I kept writing and rewriting the menu in my mind. How could I make a meal that expressed everything I knew and remembered and felt about her? How could I compress fifteen years of emotions into a few small plates of food? How could I say goodbye? I started thinking about her favorite farms. I could use ingredients from each one, grown by people she’d known and loved for decades. Each radish, beet, and leaf of spinach would bring with it memories of walking through fields and pulling vegetables from the dirt, the smell of basil in the August heat and loamy earth after a December rain, the meals and parties and talks.

It couldn’t be too fancy. I knew she liked simple food. I imagined a kind of paean to the California cooking she was used to, but it wasn’t enough. It wasn’t me. I don’t think like that or talk like that or cook like that. I wanted complexity, balance, intensity; I wanted the kind of purity that was really concentration, the kind of simplicity that contained within it everything. My thoughts kept drifting toward alchemy, the ingredients she loved made somehow to taste more like themselves, released from the constraints of their physicality so they could float, dance, sing. I wanted to create a meal so beautiful, so transcendent, that it could make time stop for one night.

I knew that this was a kind of insanity. It wasn’t real but I couldn’t let go of it, returning over and over to each little detail—the antique spoons that we would use for the soup and the flowers in the corner of the room—as if through force of will I could coax the impossible into being. The last meal I cooked for Diane turned out not to be much of a meal. It was jello.

“So, buddy,” Laurence said one day, “Diane wants you to make some jello. Think you can handle that?” This was something of a joke. By that point in my career I had gelled just about everything that didn’t move.

“What flavor?

“Grape.”
I bought red flame grapes, sweet and aromatic, and cooked them with water and a little sugar. It needed something, so I added syrup flavored with quince. A touch of lime juice, strain, set with gelatin. It was delicious. I called Laurence.

“It’s ready,” I said. “Can I bring it by the room?”

“No,” he said. “I’ll come get it.”

She loved it, he told me later. She told all the nurses that I had made jello for her. She only ate about three bites, but it made her happy. I asked again if I could see her. Again he said no.
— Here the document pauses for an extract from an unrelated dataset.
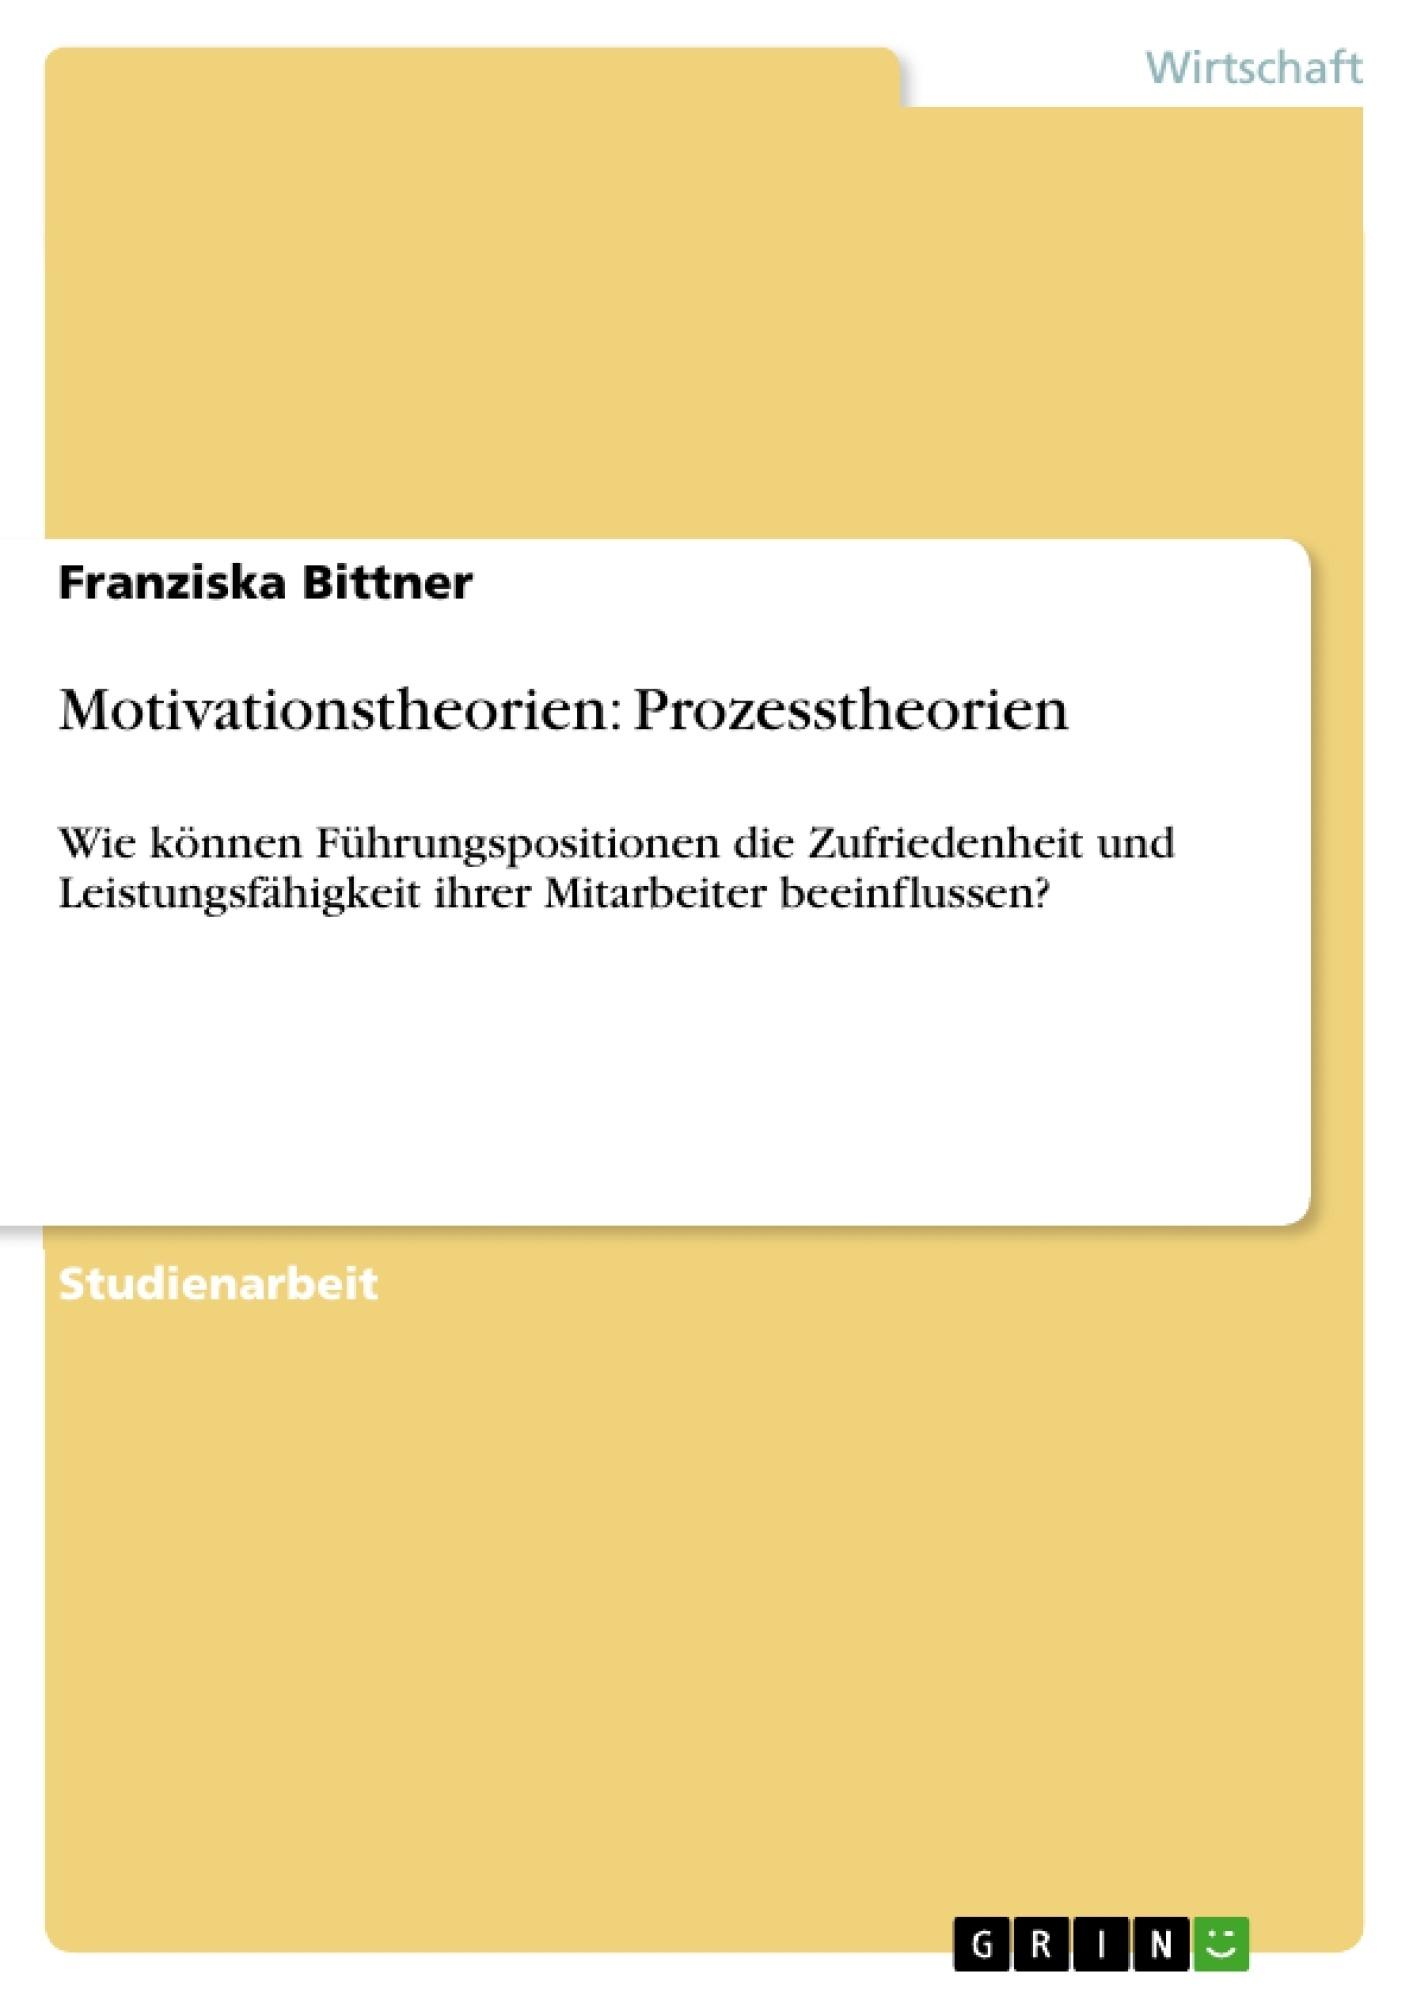 Titel: Motivationstheorien: Prozesstheorien

“She’s…not herself. It would be hard.”

It had started to really sink in that I might not see her again, and I thought about our last encounter, at the market. She had wanted to stay and talk but I was in a hurry, and conversations with her were never short. I made my excuses and pushed on, into the day that became night, into another service, cooking, cursing, sweating, driving home exhausted and drained and collapsing in bed, like I’d done a million times before. And as I thought about that moment it all came spilling in, everything I had given up, the weddings and parties that I’d missed, the time I hadn’t spent with friends, the vacations never taken, the relationships I’d let wither. I’d piled every bit of my emotional being onto plates and bowls and for myself, for my real life, so little remained. I never thought it would be too late, and now it was.
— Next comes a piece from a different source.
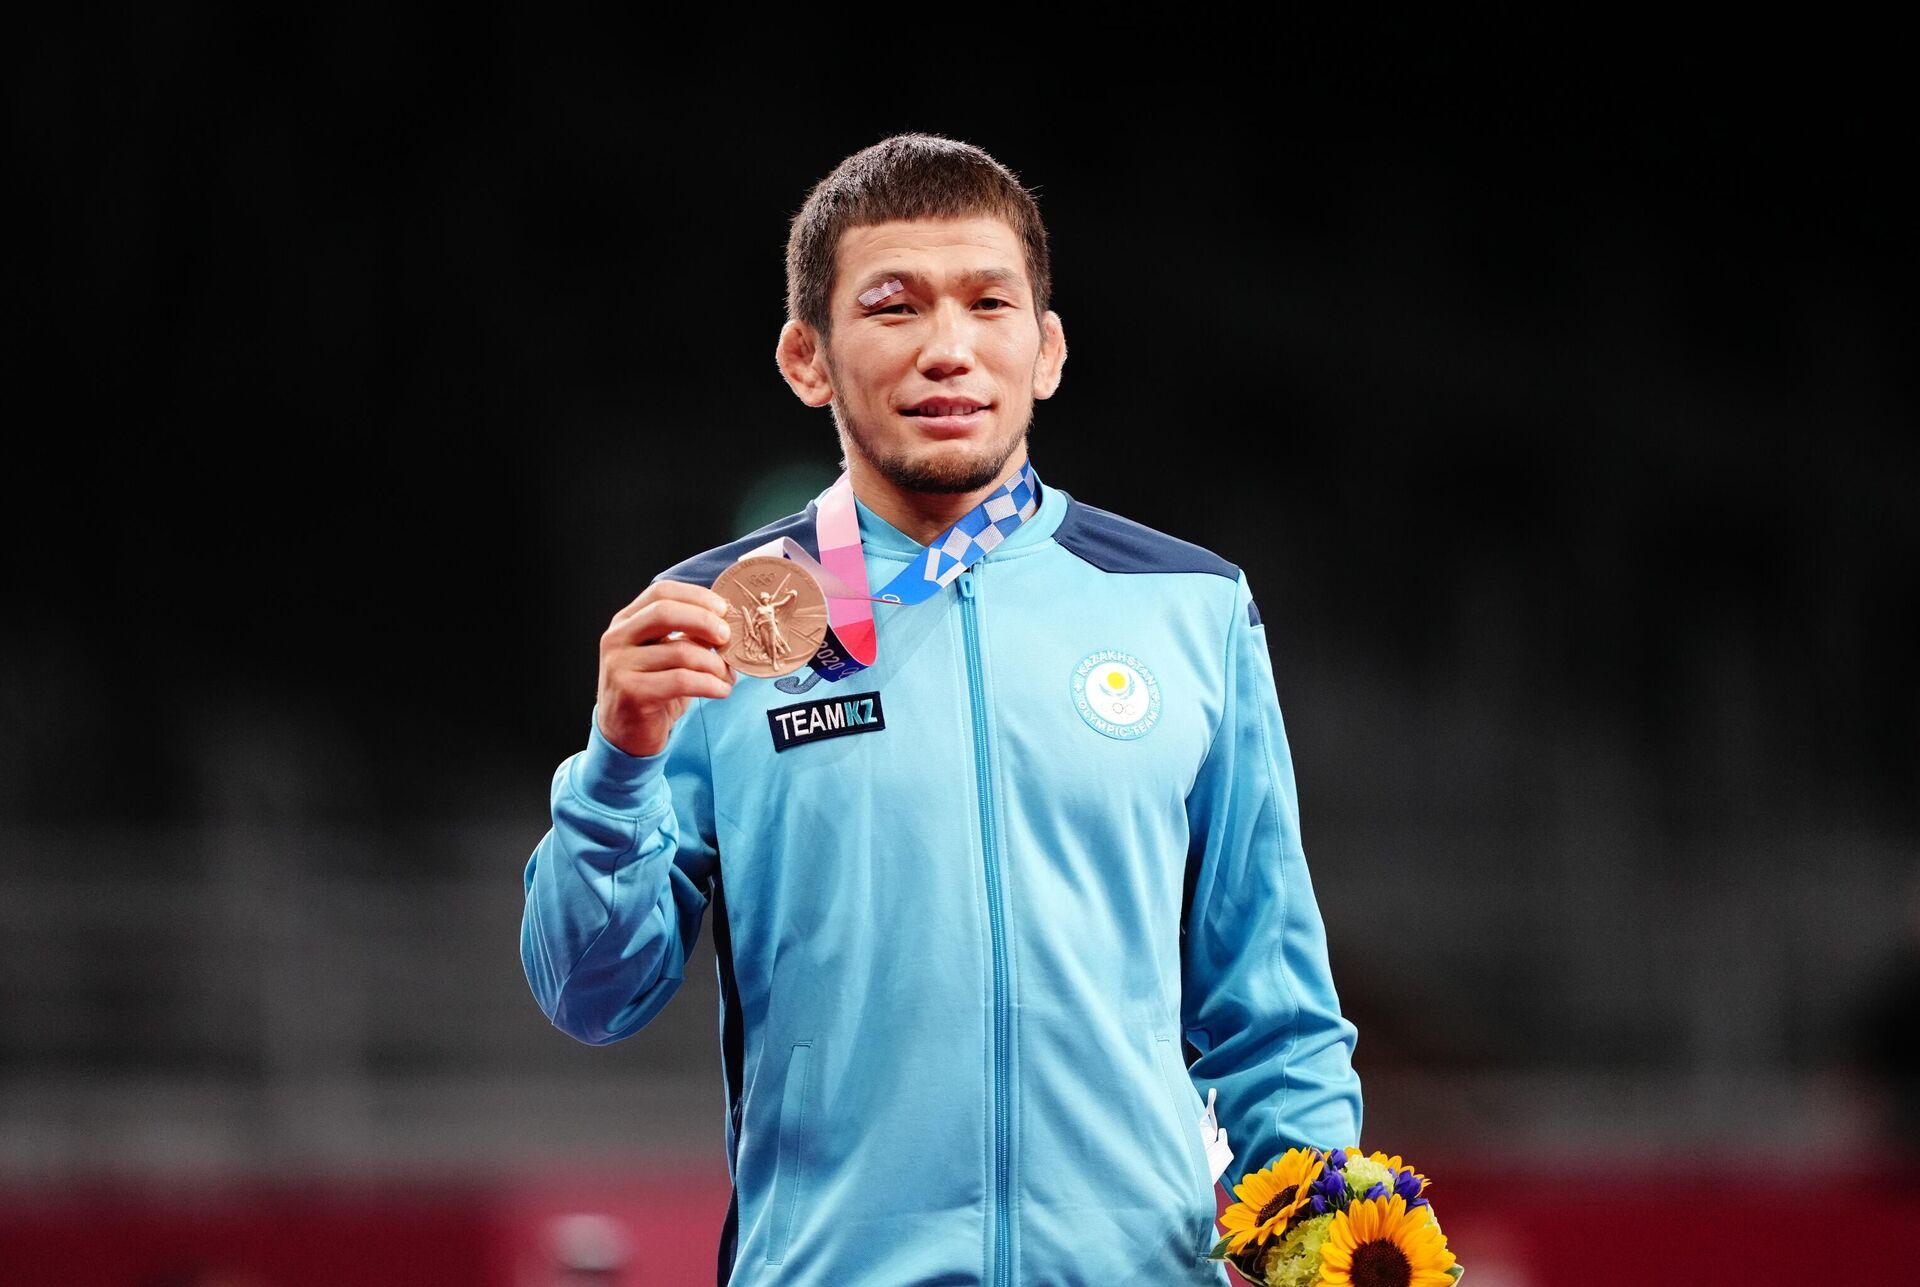 Нурислам Санаев (Казахстан), завоевавший бронзовую медаль в соревнованиях по вольной борьбе среди мужчин - Sputnik Таджикистан, 1920, 09.08.2021

When the call finally came I was standing in the alley behind the restaurant. It wasn’t actually
a call, but a text: “Diane passed away this morning. Ally and I were there. It was peaceful. Love to you and the family.”
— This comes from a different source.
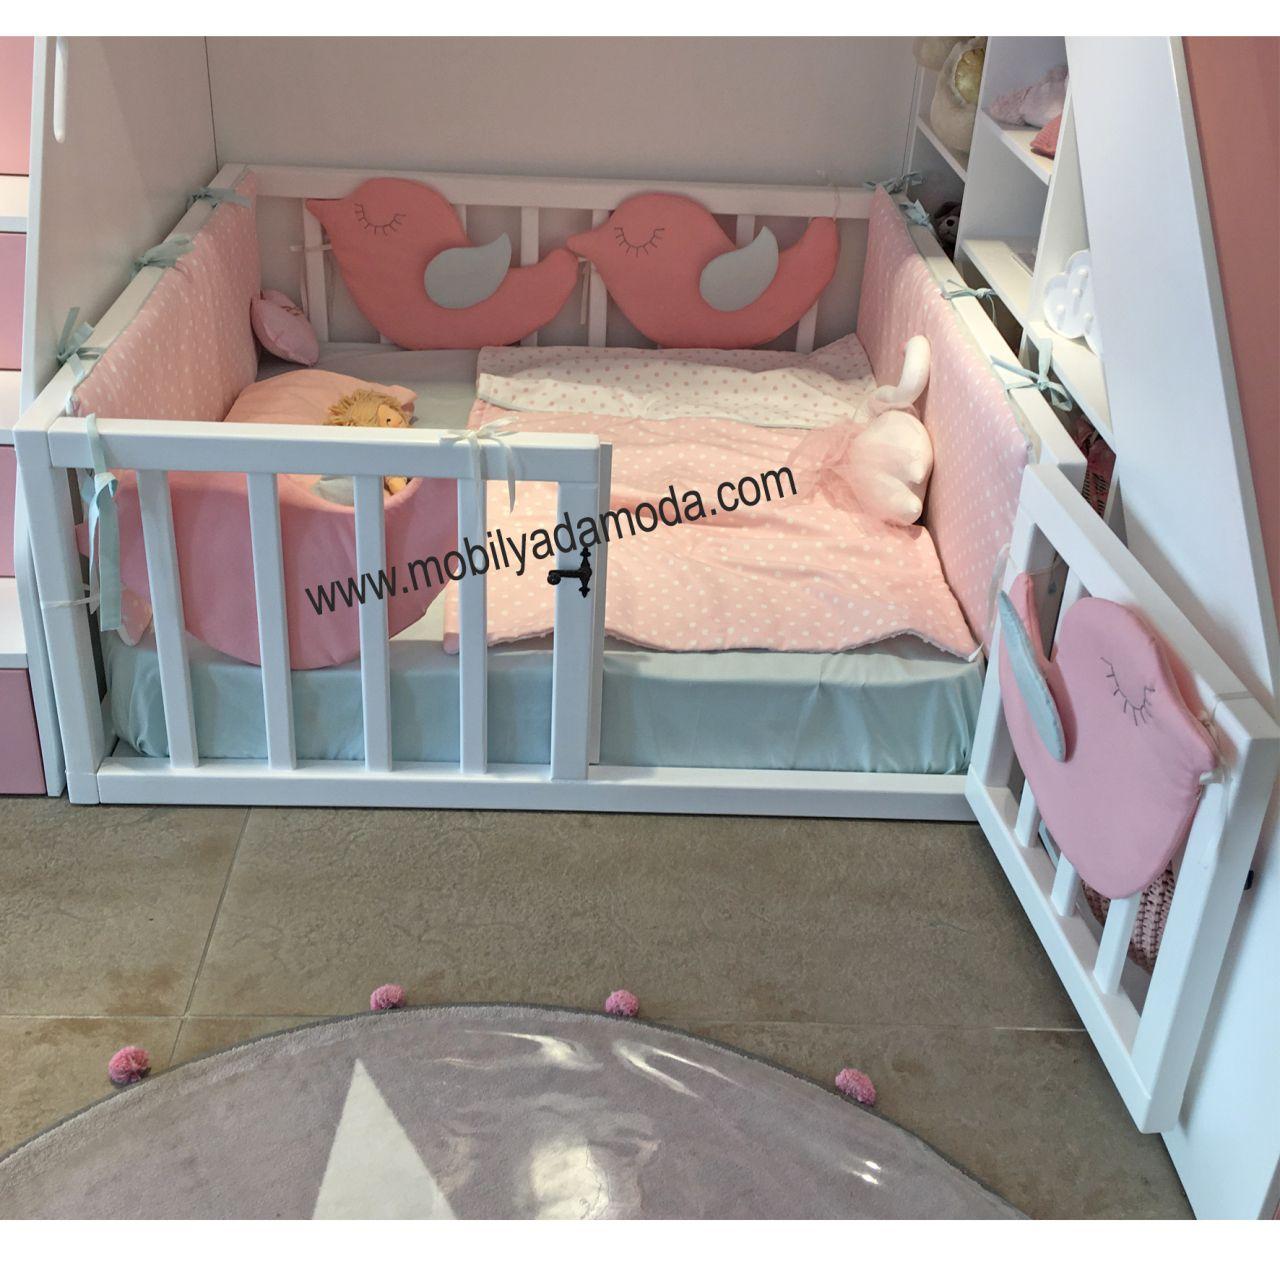 Besik Bebek Besikleri Bebek Odasi Cocuk Odasi Montessori Buyuyebilen Besik Ranza Bebek Izmir Bebek Odasi I Oglan Cocugu Odalari Bebek Yatak Ortuleri Montessori

It was mid-afternoon on one of those crystalline days that make tourists decide to move to San Francisco. The crisp fall light angled between the buildings, brushing across the laundry that hung from the windows above, swaying gently in the soft breeze. I stood there, frozen, staring at the walls of the opposing building, the rust-red paint flecked with dirt and debris, the bricks chipped and faded, the once-gaudy mural of dancing girls now half-menacing, half-forlorn. A couple stopped to take a picture of the Transamerica Pyramid piercing the skyline above.

“Hey, chef, everything okay? I got a question about the lamb sauce.”

I looked up to see one of my cooks standing outside the kitchen with a quizzical look on his face.
I nodded, shoved the phone into my back pocket, and followed him through the doorway, back into the bright lights of the kitchen.